__WHAT THE TASK REQUIRES__
Repeat the data that follows, word for word, without the images.

__COLLECTED MATERIAL__
####

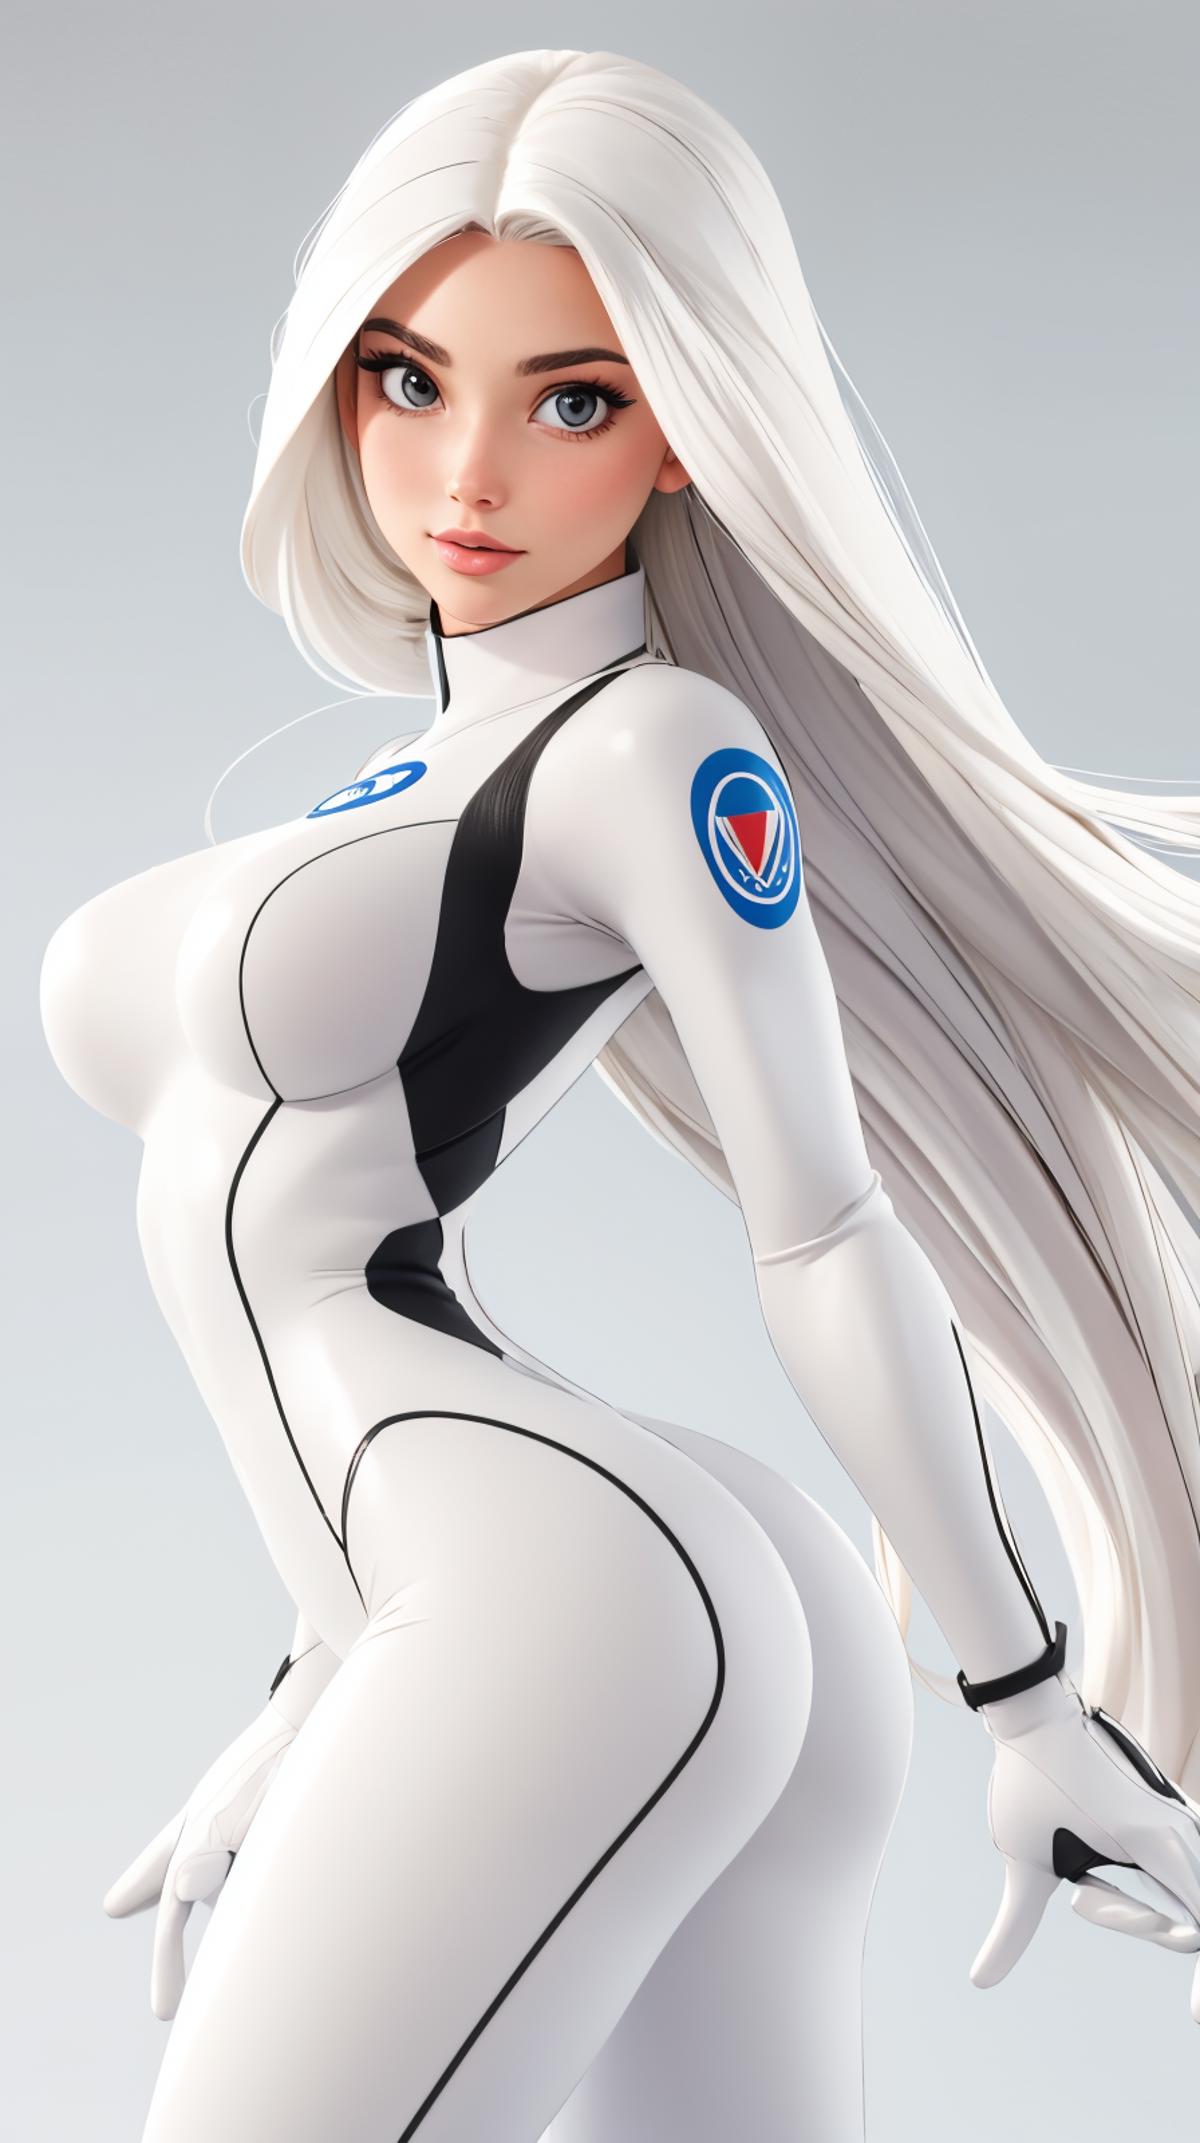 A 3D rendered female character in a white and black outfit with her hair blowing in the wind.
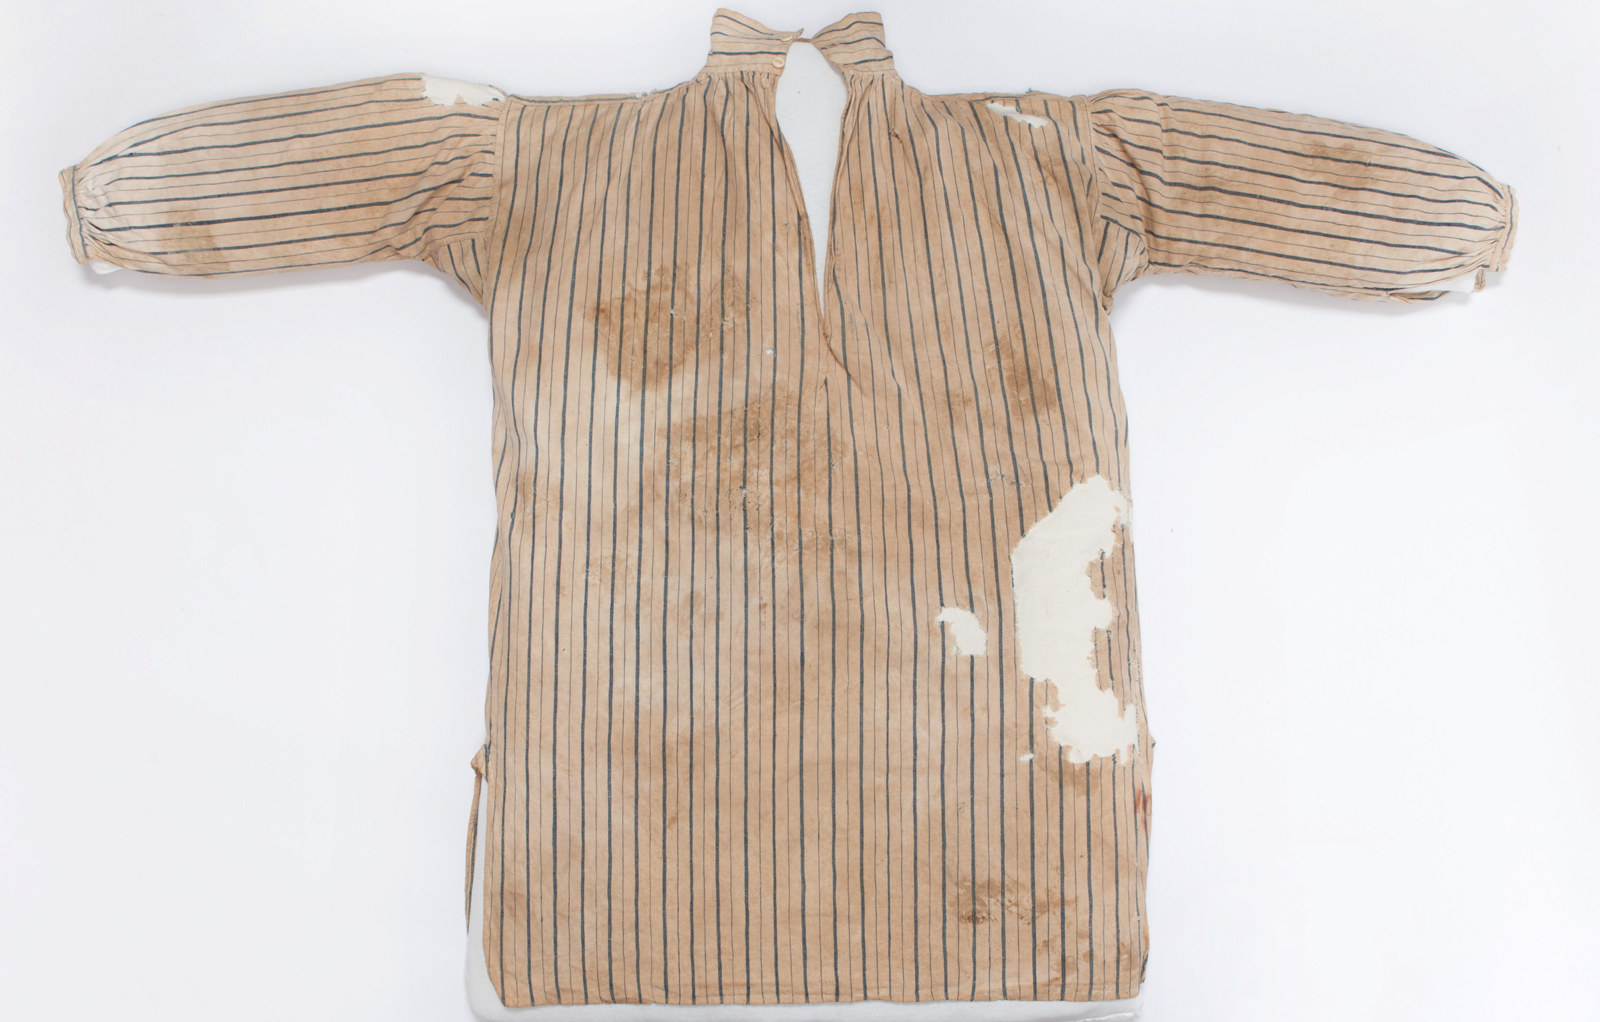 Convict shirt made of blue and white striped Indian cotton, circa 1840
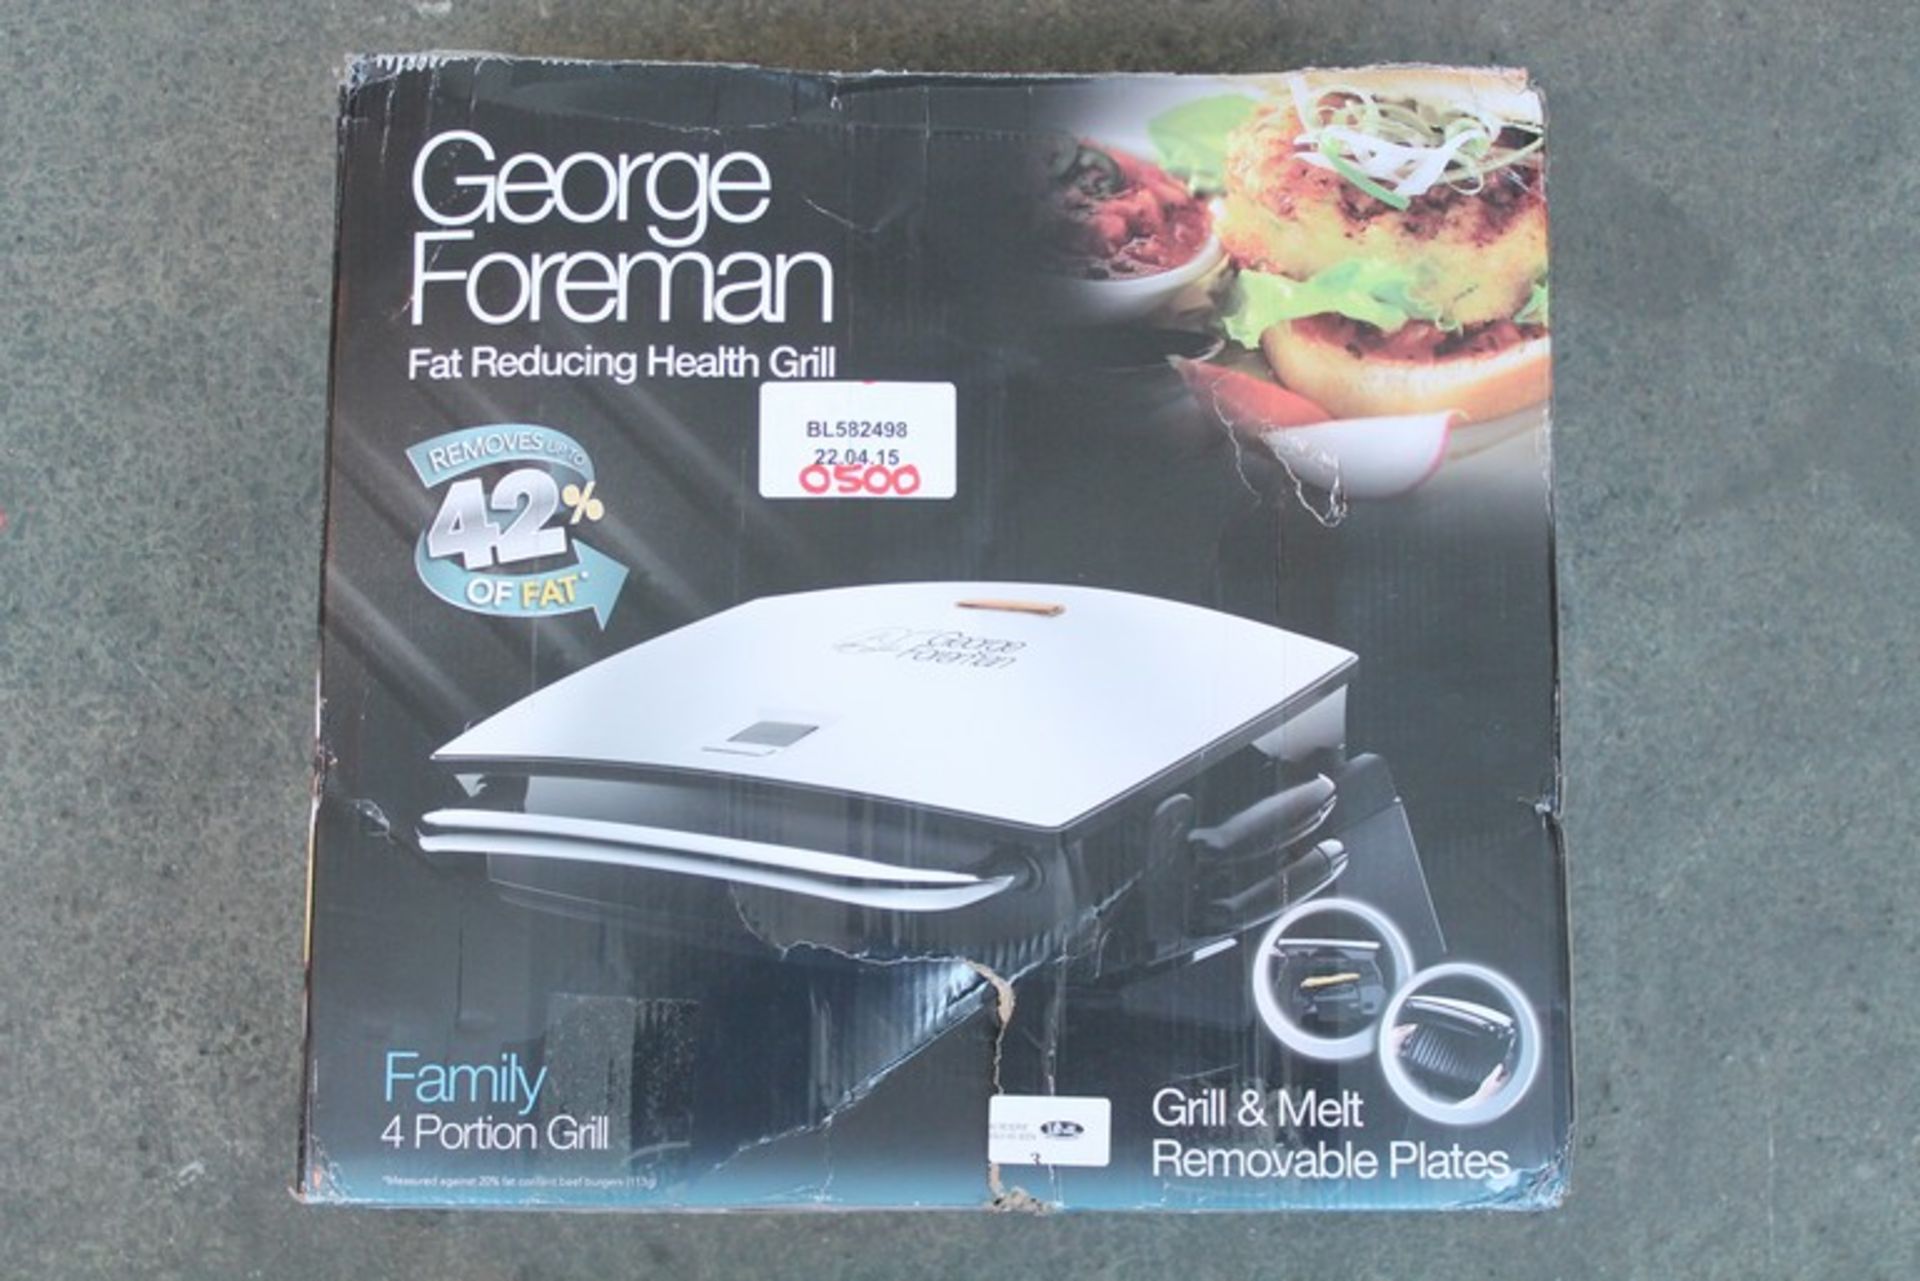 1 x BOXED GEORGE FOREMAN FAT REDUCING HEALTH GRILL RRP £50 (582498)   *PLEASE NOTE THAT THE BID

####

__RESULT FOR THIS EXERCISE__
 A 3D rendered female character in a white and black outfit with her hair blowing in the wind.
 Convict shirt made of blue and white striped Indian cotton, circa 1840
 1 x BOXED GEORGE FOREMAN FAT REDUCING HEALTH GRILL RRP £50 (582498)   *PLEASE NOTE THAT THE BID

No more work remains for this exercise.